First we will find the first derivative.

==> y' = 3x^2 + 3x - 6

Now we will determine the zeros.

==> 3x^2 + 3x - 6 = 0

Divide by 3:

==> x^2 + x -2 = 0

==> (x+2)(x-1) = 0

==> x= -2 and x= 1

Then the function changes direction at the points x=-2 and x= 1

Then we have the following increasing or decreasing intervals.

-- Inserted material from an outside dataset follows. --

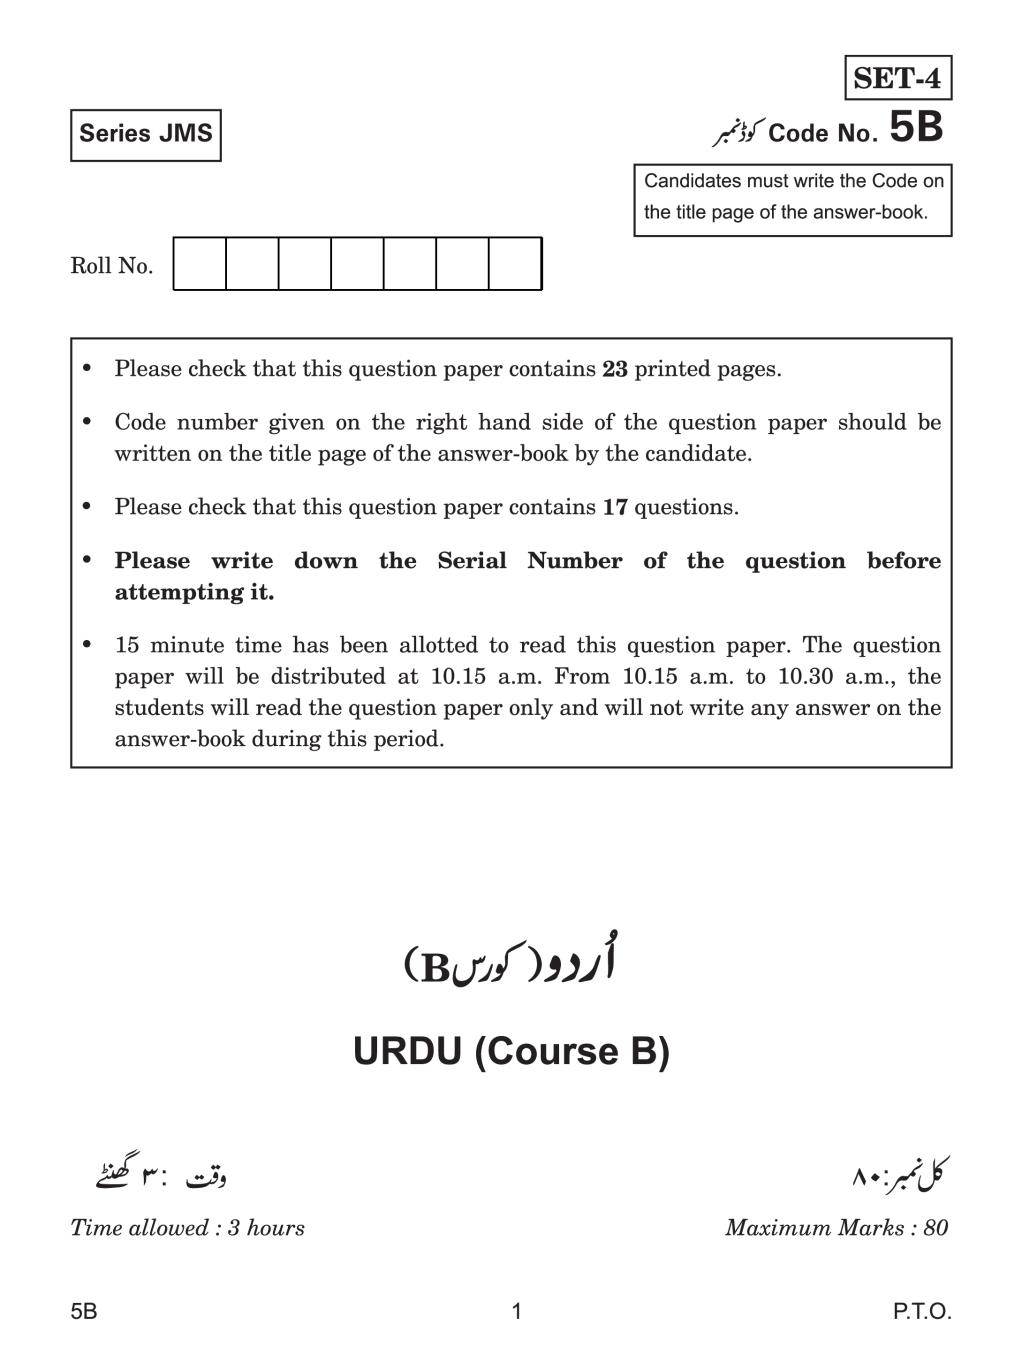 CBSE Class 10 Urdu Course B Question Paper 2019 - Page 1

==> ( -inf, -2) ( -2, 1) and ( 1, inf)

==> The function increasing when y' > 0

==> (x+2)(x-1) > 0

==> x> -2 and x > 1

==> x > 1

OR

==> x < -2 and x < 1

==> x < -2

Then the function is increasing when x<-2 and x > 1

==> x = (-inf, -2) U (1, inf)

**Then the answer is: b) ( -inf,-2) ; ( 1, inf).**

We need to find the interval of the values of x where the function f(x) = x^3 + (3/2)x^2 + 6x + 27 is increasing.

The function is increasing if the value of the first derivative is positive. Here:

f’(x) = 3x^2 + (3/2)*2x + 6

=> 3x^2 + 3x + 6

3x^2 + 3x – 6 > 0

=> x^2 + x – 2 > 0

=> x^2 + 2x – x – 2 > 0

=> x(x + 2) – 1(x + 2) > 0

=> (x – 1)(x + 2) > 0

This is positive when either

- x – 1 > 0 and x + 2 > 0

=> x > 1 and x > -2 ,

x > 1 meets both the conditions.

- x – 1 < 0 and x + 2 < 0

=> x < 1 and x < -2

x < - 2 meets both the conditions.

**So the required value of x for which the function is increasing is (-inf. , -2) U (1 , inf.) or option b.**